The task: Print all the data below exactly, without images.

Exercise data:
···

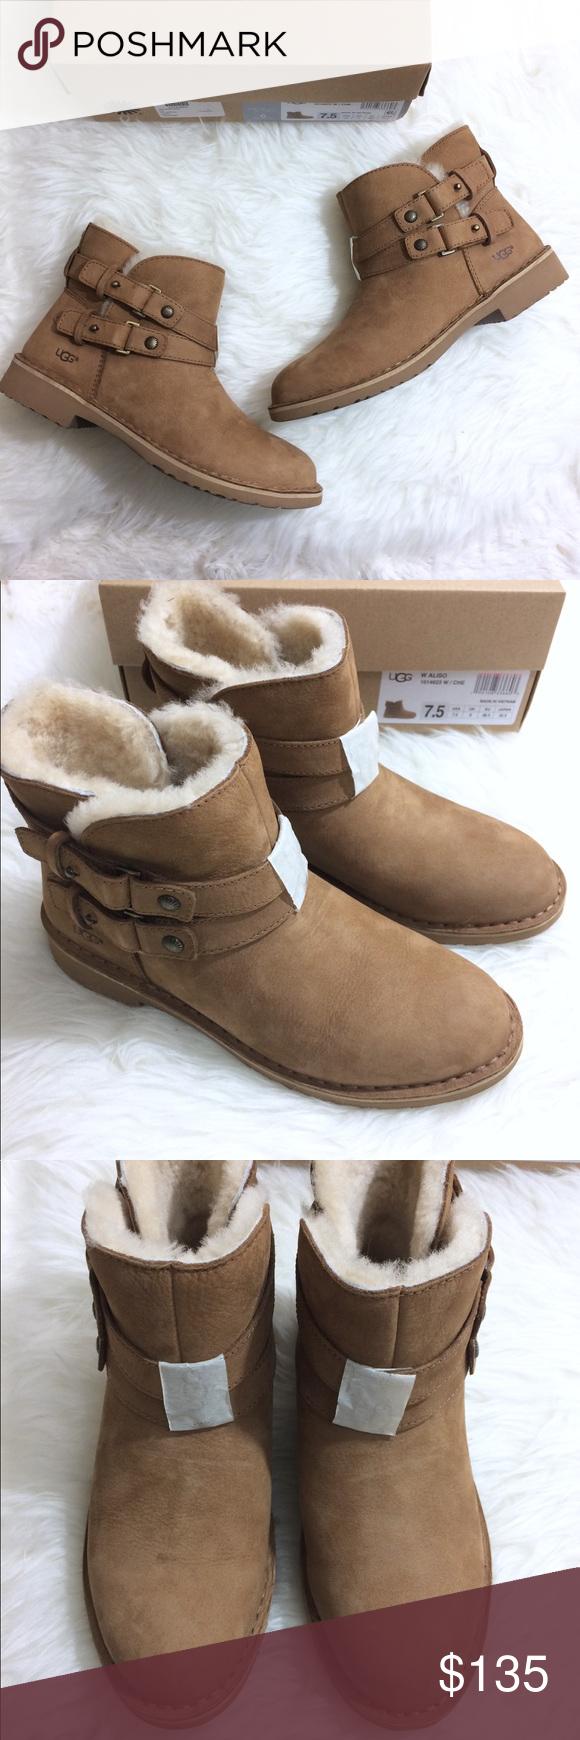 436d4e740fb UGG Aliso 7.5 Chestnut Tan Ugg Short Boots New Ugg Australia Aliso ...
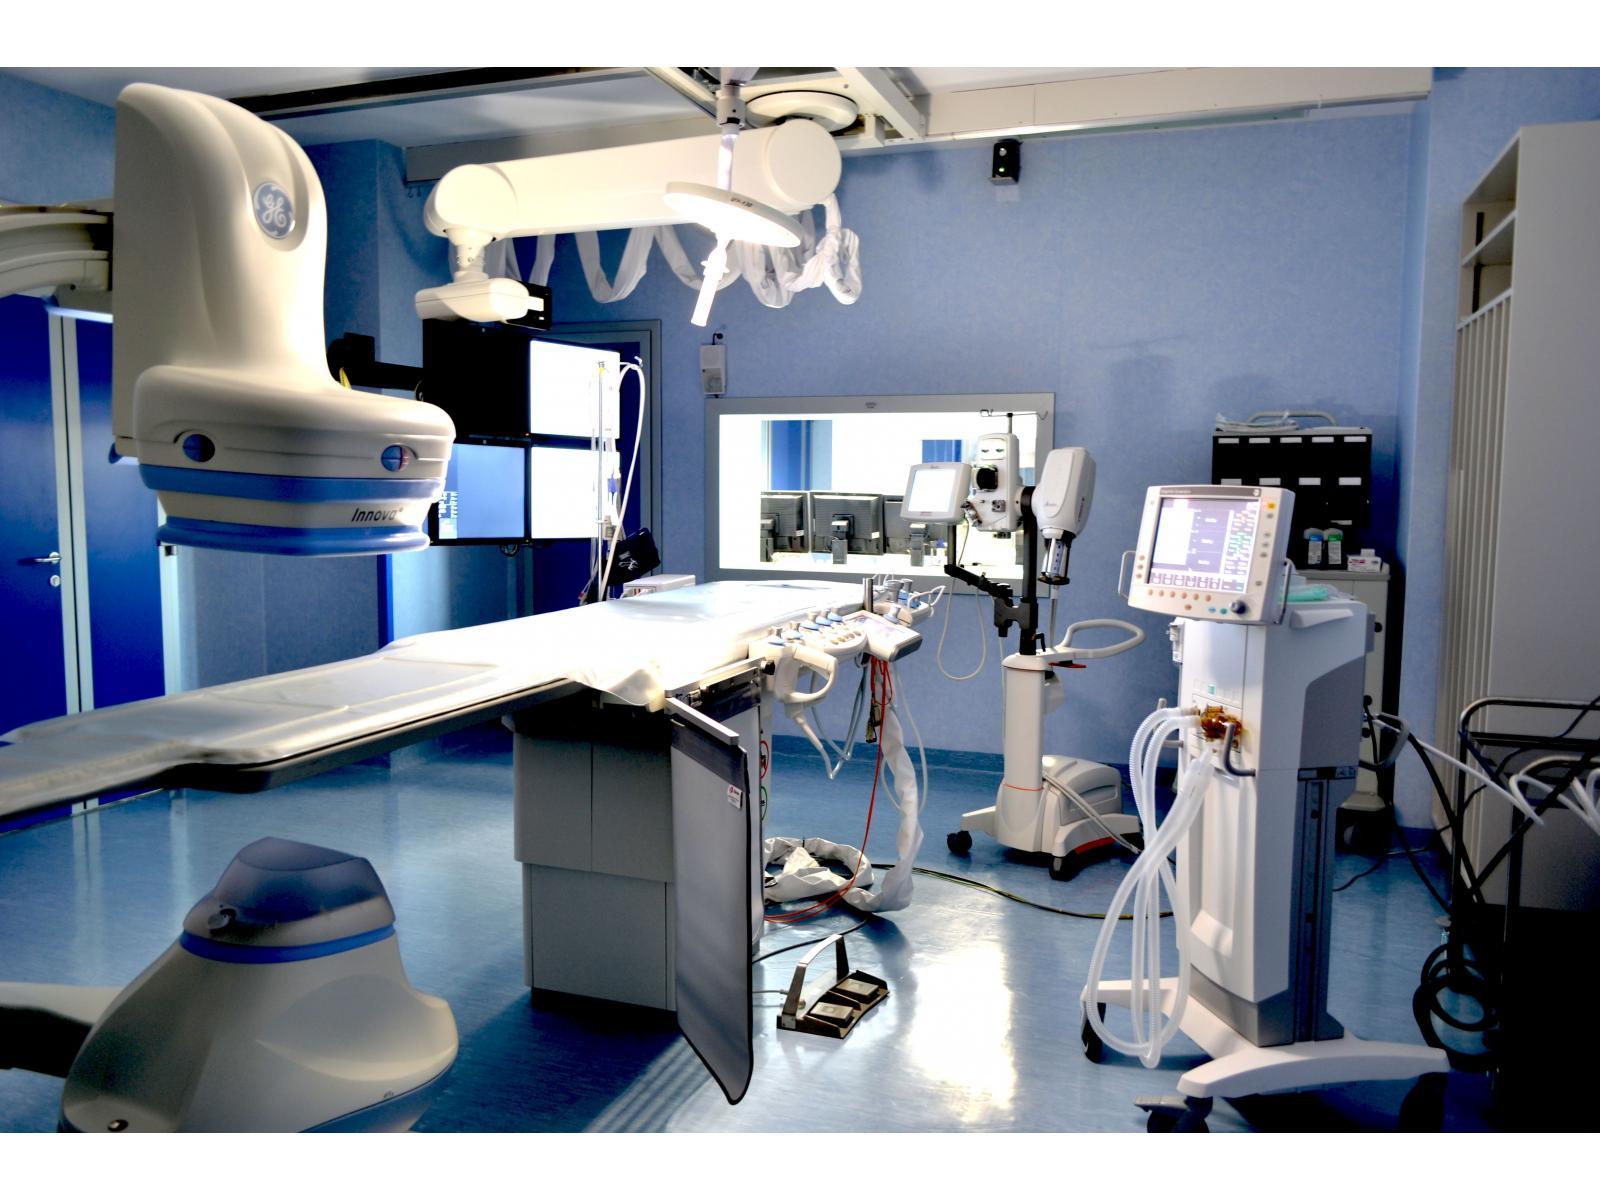 Spitalul Monza - Angiograf1.jpg
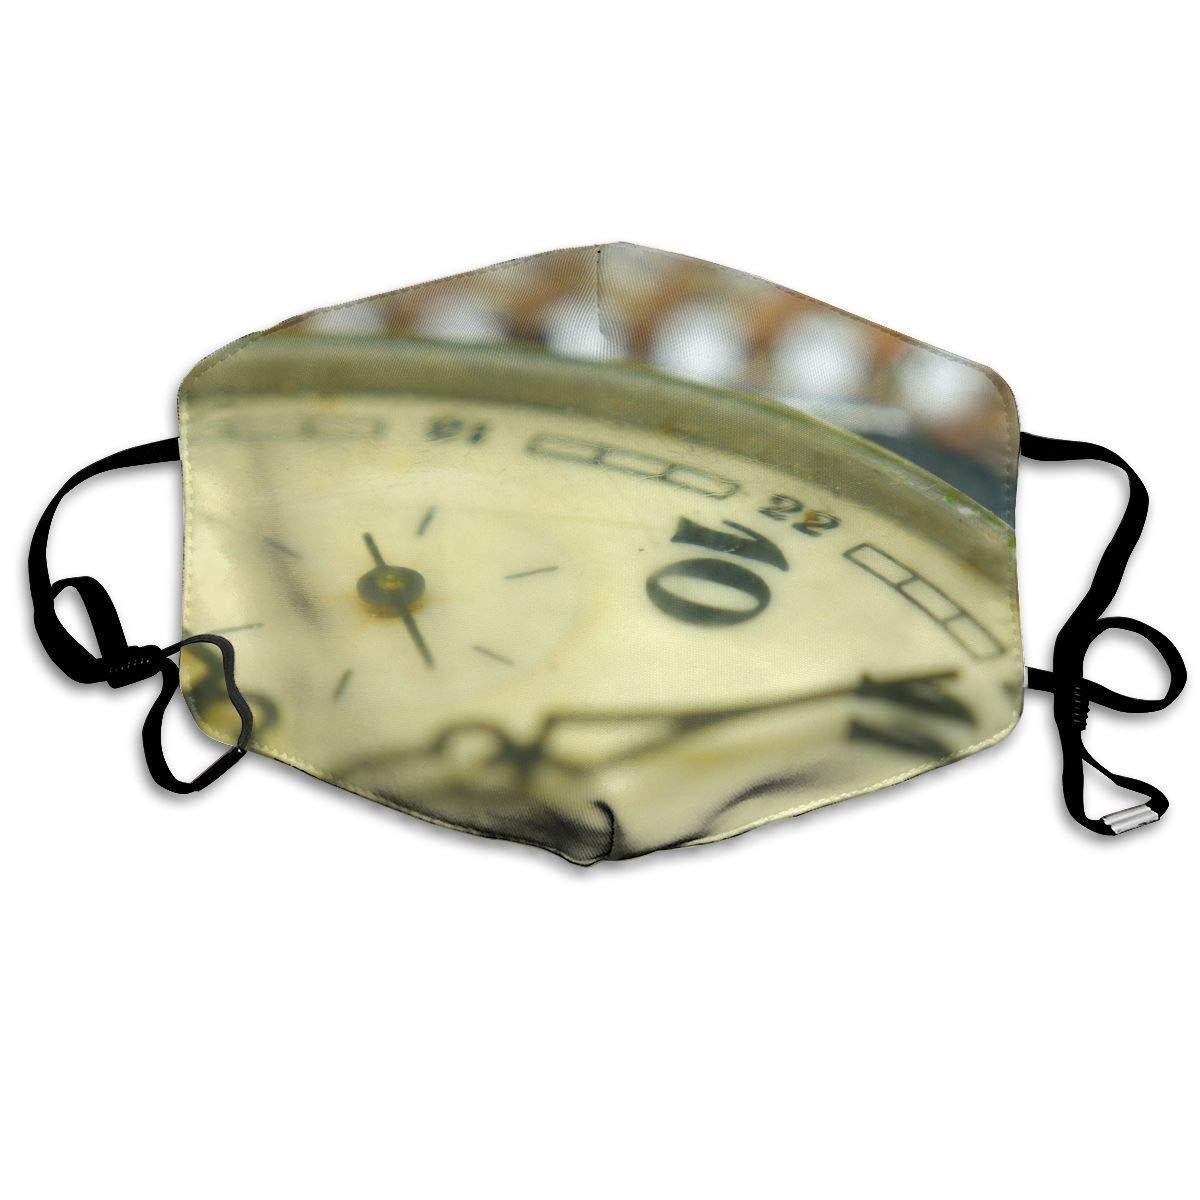 Daawqee Máscara de Boca, Vintage Pocket Watch Closeup Adult Creative Mascarilla Washable Safety 100% Polyester Comfortable Breathable Health Half Face Masks

···

Result of this task:
 436d4e740fb UGG Aliso 7.5 Chestnut Tan Ugg Short Boots New Ugg Australia Aliso ...
 Spitalul Monza - Angiograf1.jpg
 Daawqee Máscara de Boca, Vintage Pocket Watch Closeup Adult Creative Mascarilla Washable Safety 100% Polyester Comfortable Breathable Health Half Face Masks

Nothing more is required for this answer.